Campaign launched to encourage small business funding applications

British Bankers’ Association aims to direct entrepreneurs back to their bank managers with new marketing strategy

Campaign launched to encourage small business funding applications

We may have speculated recently about the reluctance of small businesses to borrow from financial institutions – with the latest Bank of England figures suggesting net lending to businesses fell by £4.3bn between September and November 2013 – but it appears measures are being taken to redress this imbalance, according to the British Bankers’ Association (BBA).

As it launches a one-year marketing movement designed to target SMEs with a turnover of less than £25m, the BBA reports that the willingness of banks to lend is perhaps more than at first envisioned. Whilst only 37% of small businesses believe they will get approval from their bank for funding their burgeoning enterprise, the BBA has found that more than two thirds have their loan applications approved, with banks having made £11.5bn worth of new loans in the past three months, a 27% increase on the previous quarter.

BBA chief executive Anthony Brown spoke confidently about this new campaign, and its suggestion that more help is at hand for entrepreneurs and their efficacious initiatives.

“We’ve launched this campaign to let businesses know that they are a lot more likely to get finance than they think,” he said.

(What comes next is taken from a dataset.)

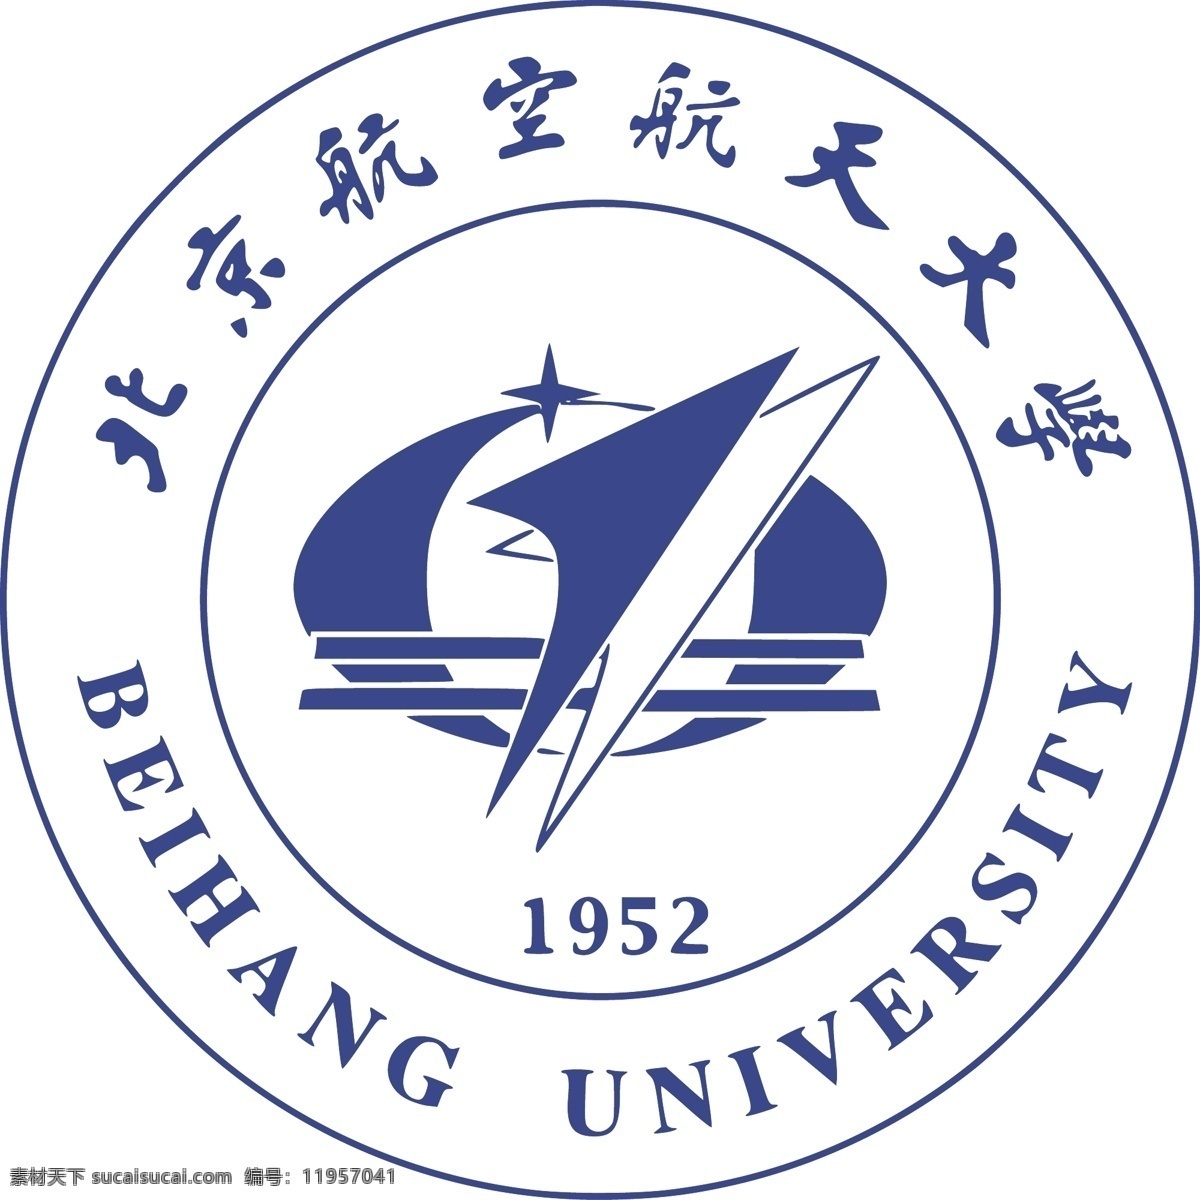 北京航空航天大学 logo 北京 大学 航空 航天 标志 标志图标 企业

The new campaign aims to increase buoyancy about bank lending amongst these smaller businesses, with the belief that increased loans could boost the growth potential of up to 270,000 companies. It will be run in conjunction with the British Business Bank, launching this year with £1bn of capital at its disposal, which it is believed could help drive more lending to businesses.

Brown concluded: “Small businesses are the engine room of the economy and the research we publish today shows how much stronger our recovery could be if more SMEs approached their banks for finance.” 

We wait with baited breath to see if these businesses take a leaf out of Brown’s book or not.